「The NORTH FACE」などのスポーツウェアを中心に展開するゴールドウイン。2020年8月7日に2021年3月期の第一四半期の決算を発表した。決算短信とあわせて、大幅な業績予想の修正も発表。開示資料を読むと、業績予想の修正もいまだ保守的に織り込んでいると記載されている。アパレルメーカーが軒並み厳しい状況のなか、ゴールドウインは無難に難局を乗り切ることができるのか?
■基本情報(2020年8月7日時点)
- 株価:6,840円
- 時価総額:3,259億円
- 予想PER:48.4倍
- PBR:7.06倍
- 予想配当利回り:0.87%
- 自己資本比率:53.2%
- 会計基準:日本基準
■ゴールドウインの業績は?
ゴールドウインについて前回(2020年5月3日)は「スポーツウェア大手のゴールドウイン(8111)、割高!?適正株価はいくらか?」にて投稿。この約3か月間で株価は約15%ほど上昇した。新型コロナウイルスの影響によってアパレルメーカーが軒並み苦戦するなか、ゴールドウインの株価は逆境の中で上昇している状況だ。

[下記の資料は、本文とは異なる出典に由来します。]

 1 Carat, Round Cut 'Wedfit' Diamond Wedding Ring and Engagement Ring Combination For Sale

ゴールドウインの2021年3月期の第一四半期の売上高は122億円(前年同期比△32.5%)、営業利益は△4.8億円(前年同期は19.0億円の黒字)と大幅な減収減益となった。ゴールドウインの決算説明資料をよむと、この厳しい業績とは違い、足元の堅調な業績が発表されている。たとえば、月別の前年同期比を見ると、4月は前年同期比51%、5月は同56%、6月は同103%と6月度には前年同期を超える売上高となっている。
■2020年6月度は前年同月比プラス!
ゴールドウインは2020年4月~5月にかけて直営店を臨時休業した影響があり、大きく前年同月比マイナスの売上高となった。いっぽう、6月からは全店舗の営業を再開させており、外出自粛の反動で売上高が大きく反発した形だ。個人投資家としては、6月度の前年同期比プラスをどのように考えるかが重要だ。一時的な反動と考えると、海外からの外国人旅行者(インバウンド需要)が激減しており7月以降は前年比マイナスとなる考えと、もう一つは、国内の顧客が大きく戻っている(増えている)という考え方(海外分は減っているため)。

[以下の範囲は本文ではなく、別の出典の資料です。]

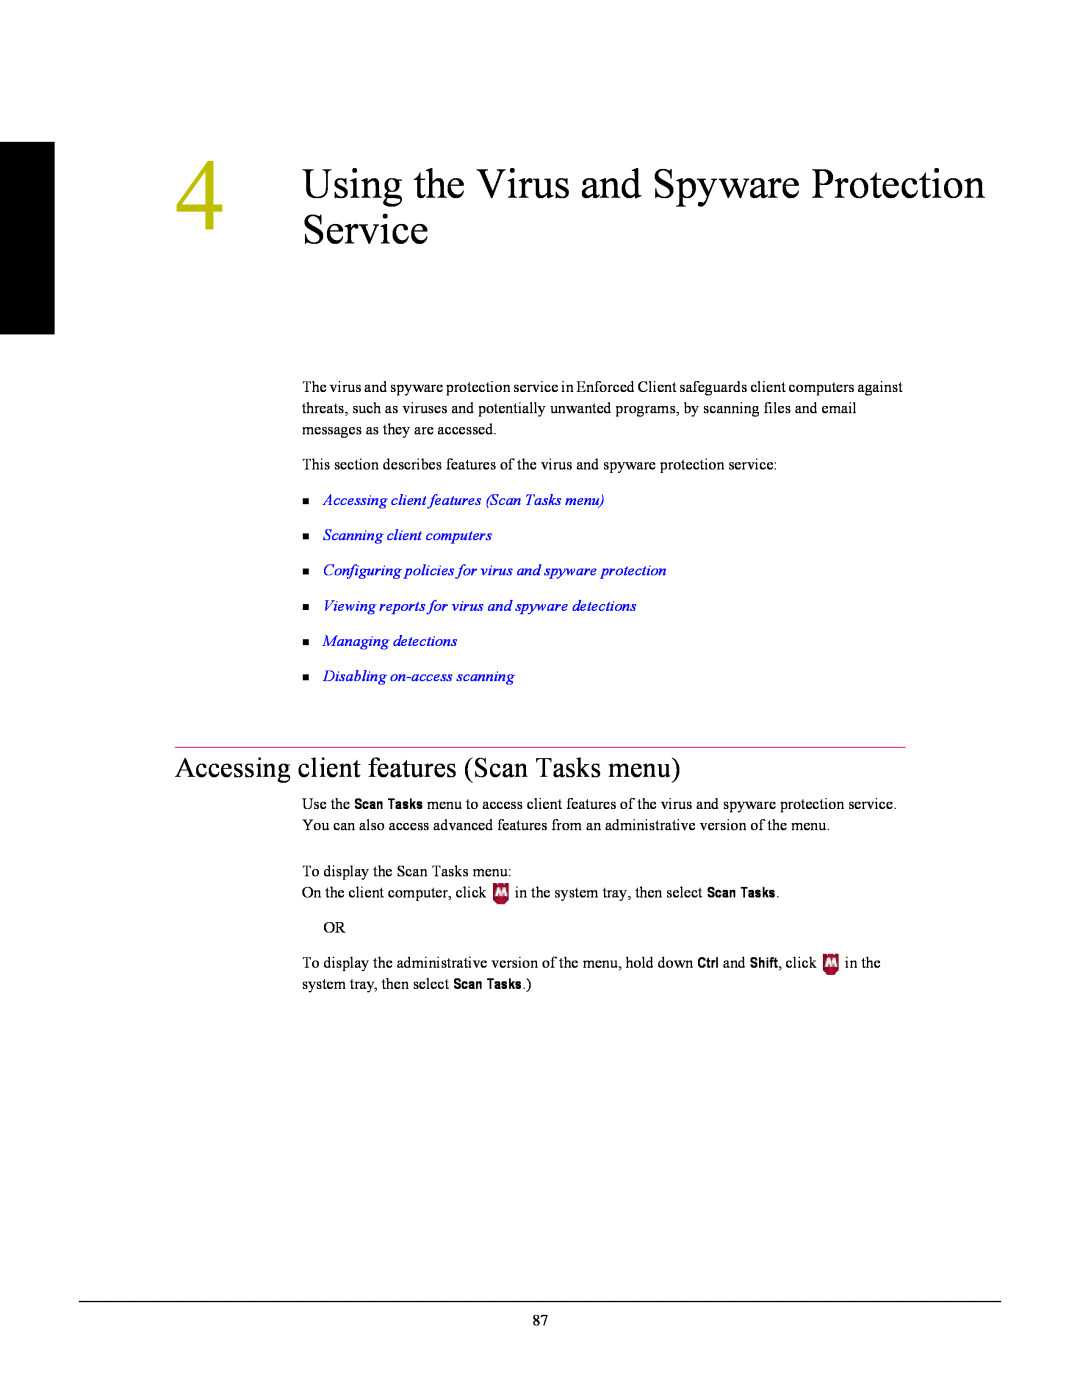 SonicWALL 4.5 manual Using the Virus and Spyware Protection, Service, Accessing client features Scan Tasks menu

ゴールドウインの2020年8月6日に公表した「業績予想の修正に関するお知らせ」では、2020年4月~9月の業績について、売上高+90億円、営業利益+46億円の上方修正としている。この業績予想の見直しについても、決算説明資料をよむと、7月~9月は前年比67%の見通しと保守的に見ているとコメントしている。8月6日に公表していることを考えると、2020年7月度も6月に引き続き前年比プラスだったと考えることもできるが、その点についてはコメントおよび開示されていない。
■ゴールドウインの株価推移は?
ゴールドウインの株価推移を見ると、中長期では下落トレンドに入ったように見える。ゴールドウインの時価総額は3,000億円をこえており、競合他社のアシックス(2,500億円)、デサント(1,400億円)、ミズノ(500億円)と比べると割高だ。スポーツウェアメーカー各社が大きく苦戦する中、ゴールドウインだけが無難に難局を乗り切れるのだろうか。一時的には業績予想の修正を好感して反発するかもしれないが、中長期の業績見込みを考えると、積極的に買える株価ではない。